I truly appreciate your insight on the concept of Narratives and Passion. I am working on developing a explorative career portal - with my very on ideas on developing a story around it.

Your recent articles have given me confidence and assurance that I am on the right track.

Amazing stuff1

Adrian Chan

Interesting John. I'm thinking there's a distinction between objective tellings and story-telling — I think this resonates with anthropological views of oral history and cultural narratives; as well as studies of discourse (in which agency and POV feature).

Objective / Subjective

For the grand narrative feigns to tell an objective story (what sociologists would call a description).

The opportunity-based narrative however is about shift to the story teller, and a POV about the subject not object.

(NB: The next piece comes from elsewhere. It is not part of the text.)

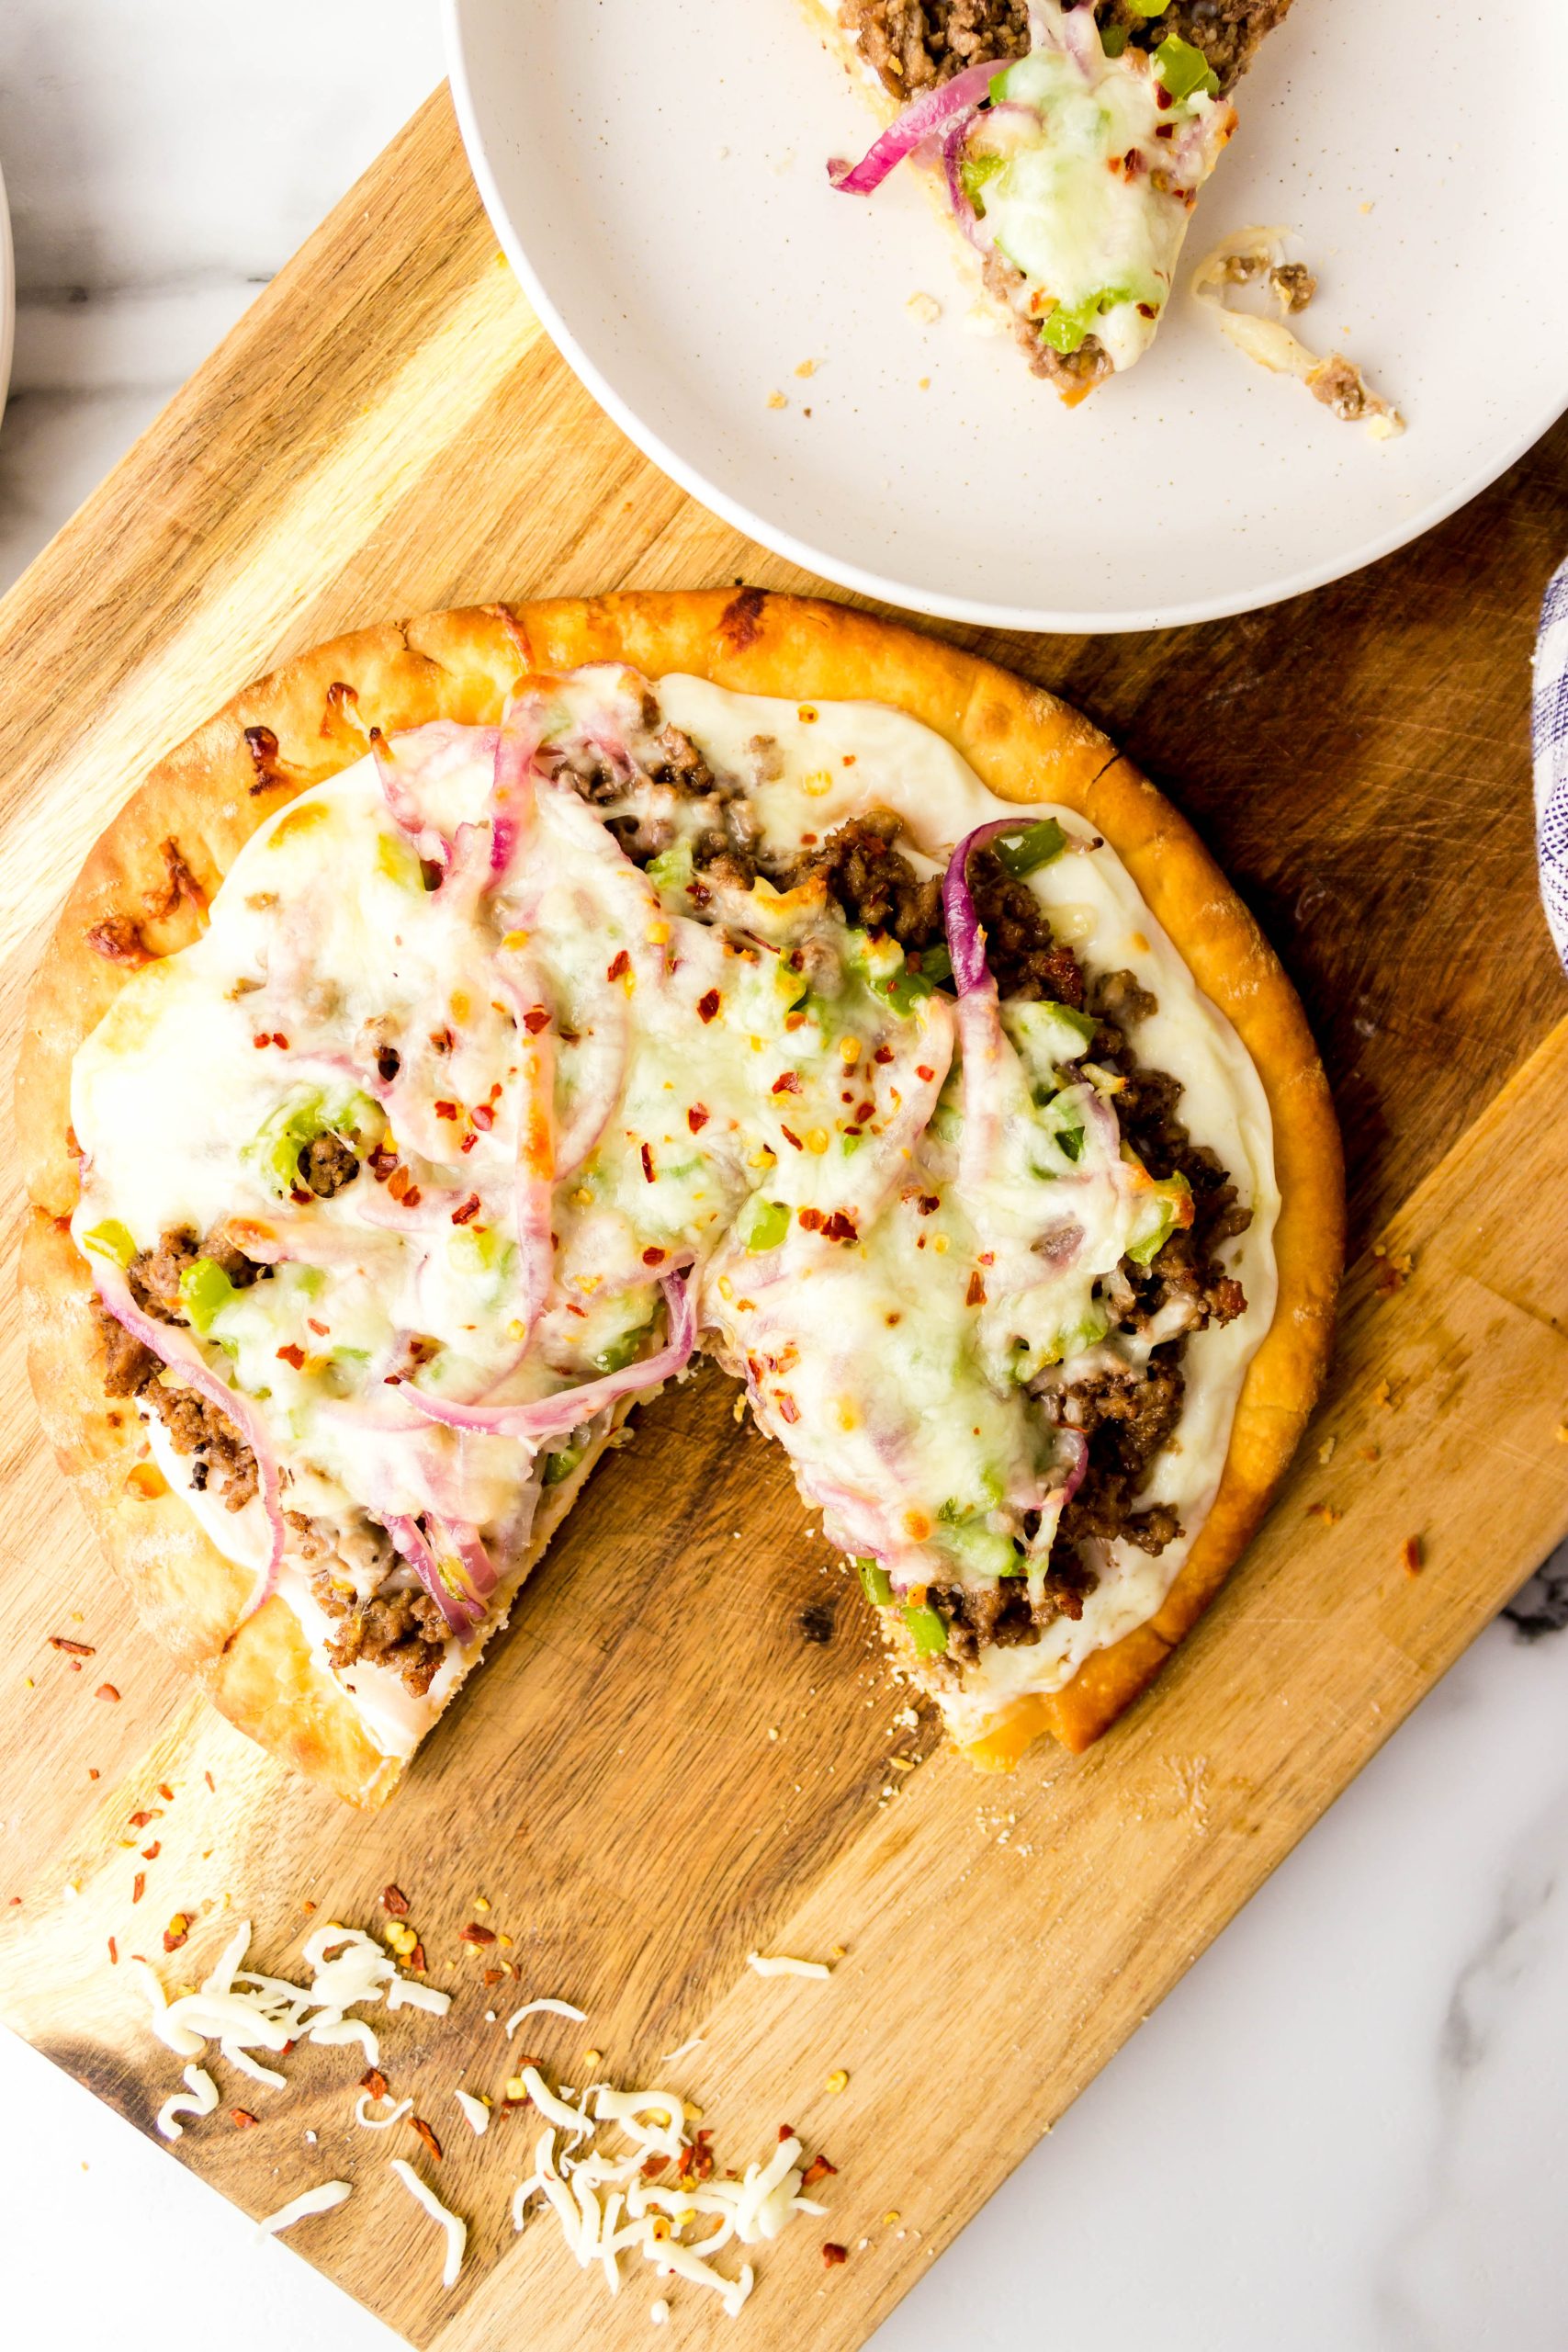 Ground beef pizza on a wooden board

Ironically a successful opportunity based narrative starts as empowering tale of me, but becomes a quasi-objective description in the style of grand narrative.

Or, perhaps, as Foucault would have claimed, all history is fiction.

John Maloney

Story -- deterministic

Narrative - nondeterministic

Ken Homer

Nice distinction John, it absolutely makes sense.

It also dovetails nicely with Ronald Heifetz's distinction between "Technical Challenges" - where the knowledge we need exists somewhere and the leader's job is to track it down and organize people and resources to apply it; and "Adaptive Challenges" where our very way of perceiving and thinking is insufficient to resolving what is before us. Here the leader's job is to support people in reinventing themselves, producing new knowledge and behaviors in the process.

Your definitions of Grand Narratives seems to align well with the thinking that accompanies technical challenges. It seems focusing on GNs can lull us into a false sense of security where the future will be much like the past and present - only with shinier new toys.

On the other hand, Opportunity-Based Narratives, invite us to recognize that our perceptions are limited and our mental models of the world are mere silhouettes of the deeper realities we face. The converging trends that are going on (slightly out of most people's sphere of attention) indicate that the future will not only be different than the past, but possibly radically so. Our ability to rise to the adaptive challenge that the future represents will determine whether that future is dramatically better or horribly worse that what has gone before.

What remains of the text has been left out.